With Zero COVID cases, 14 Odisha villages emerge as inspiration for others

Ranpur/Keonjhar/Berhampur: In second wave of COVID-19 pandemic that is devastating entire Odisha with increasing number of fatalities,  as many as 14 villages in three districts have emerged as a ‘inspiration’ for rest of the State.

Amidst gloom and doom, while fatalities are taking place due to COVID-19 every day, some villages in Nayagarh, Ganjam and Keonjhar districts with strict adherence to COVID-19 guidelines have managed to keep the deadliest virus at bay.

Untouched by COVID during its first wave last year, the residents of six villages — Godasahi, Gachhapatar, Kusupalla, Girinda, Kendua and Kantasiri — in Patia Gram Panchayat under Ranpur block in Nayagarh district are living without fear for COVID infection in the second wave too.

Situated about 20 km away from Tangi Block in Khordha district, which is worst-affected by COVID-19 in Odisha, the Patia GP has earned praise for its six villages that have not reported a single COVID case since the pandemic began last year.

Source said that the distance between each village is 5 to 6 km. Last year, 15 migrants had returned to Godasahi village, which has 64 households and a population of 350, from Kerala during nationwide lockdown. As part of precautionary measure to contain spread of infection, they were kept under quarantine for a period of 14 days. However, not a single returnee was found infected with COVID-19.

“ASHA and Anganwadi workers are creating awareness among villagers about deadly consequences of Coronavius infection. People are following the Government’s instructions. Once a week or a month, people from the village visit hospitals in neighboring Tangi or Chandpur if required,” said villagers Purna Chandra Nayak, Biswanath Nayak and Kalu Nayak.

Although these six villages are neglected in all aspects by the district administration, a road has been paved by the efforts of Patia Sarpanch Prabhat Sahu.

With escalating COVID cases across the State, Keonjhar district, where all 30 Gram Panchayats out of 31 are affected by COVID-19, one Gram Panchayat still remains untouched by the deadly contagion.

K. Balipal surrounded with dense forest is the only Gram Panchayat has become a model for other panchayats in the district as well as for the State.

In the second wave, the Bonda Hills and many tribal regions that were affected by the COVID in first wave in the State, had reported many COVID cases this year. But, the awareness among people of this tribal-dominated panchayat in Keonjhar district has not allowed COVID to enter its premises.

The panchayat consists of 7 villages with population of over 5,000. The residents of the villages strictly obey the COVID guidelines while they are stepping out from their houses for some necessary work. The tribals who are aware of the contagious disease do not allow any outsider into their villages during the pandemic. Young people from villages working outside the State are being kept under quarantine for 14 days as directed by the Government.

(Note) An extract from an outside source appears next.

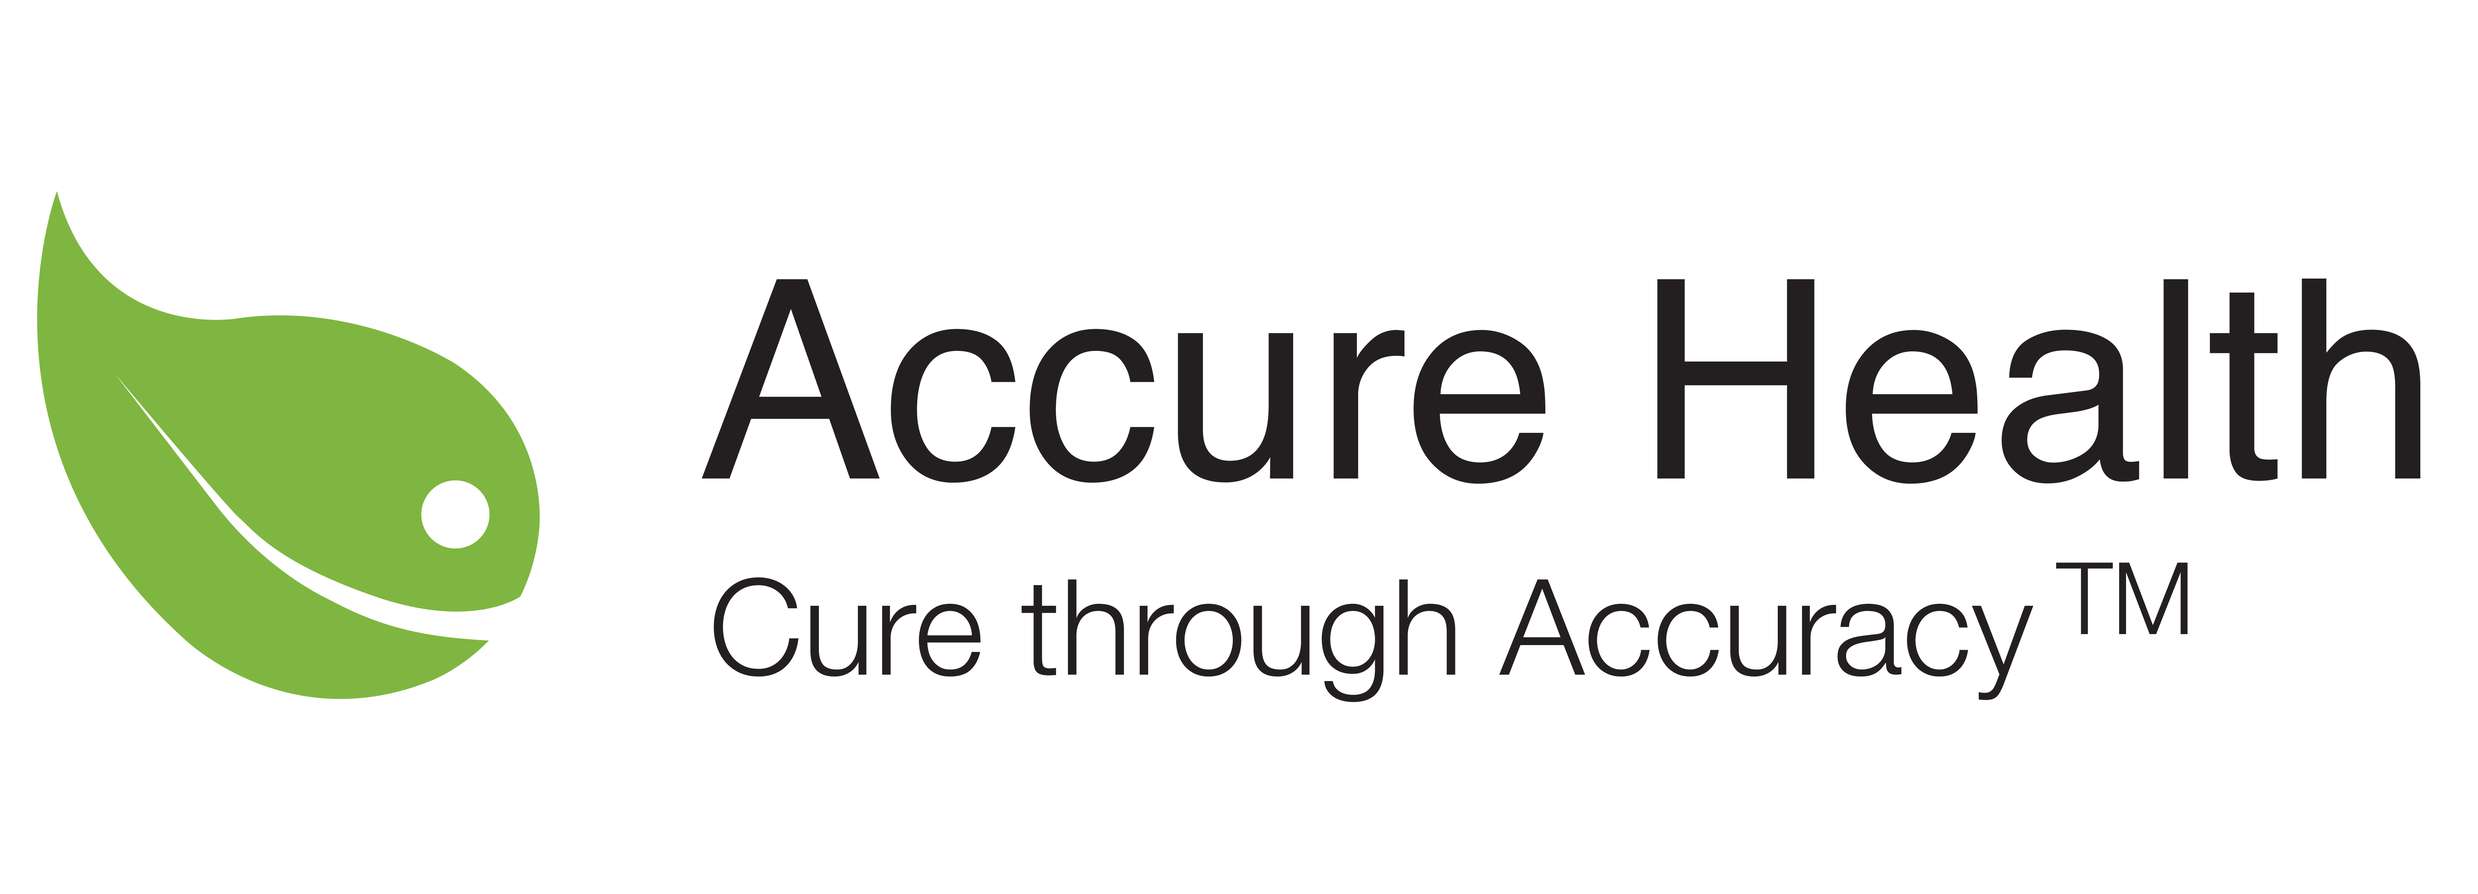 Accure Health, Inc.

The Sarpanch Rambha Patra said that any person complaining of fever and cold is undergoing COVID test. The awareness has kept the villagers safe from COVID in the second wave.

Similarly, Karanjara village in Danapur panchayat under Khalikote block in Ganjam district, has set example for other villages with zero COVID case in the State. At a time Ganjam district was the COVID hotspot in the State last year, the village with 261 households and approximately 1,234 population had not reported a single COVID case during first wave.

The COVID symptoms were not found in villagers when the infection was at peak in last year. In January this year, the local administration had conducted COVID test on 32 villagers and all of them tested negative, a resident of the village said.

“Since the COVID cases are on rise in the State, the healthcare workers are conducting door-to-door survey in village on regular basis to check the COVID symptoms. The villagers are aware of COVID safety protocols and follow the guidelines to keep themselves free from the deadly infection,” said a villager.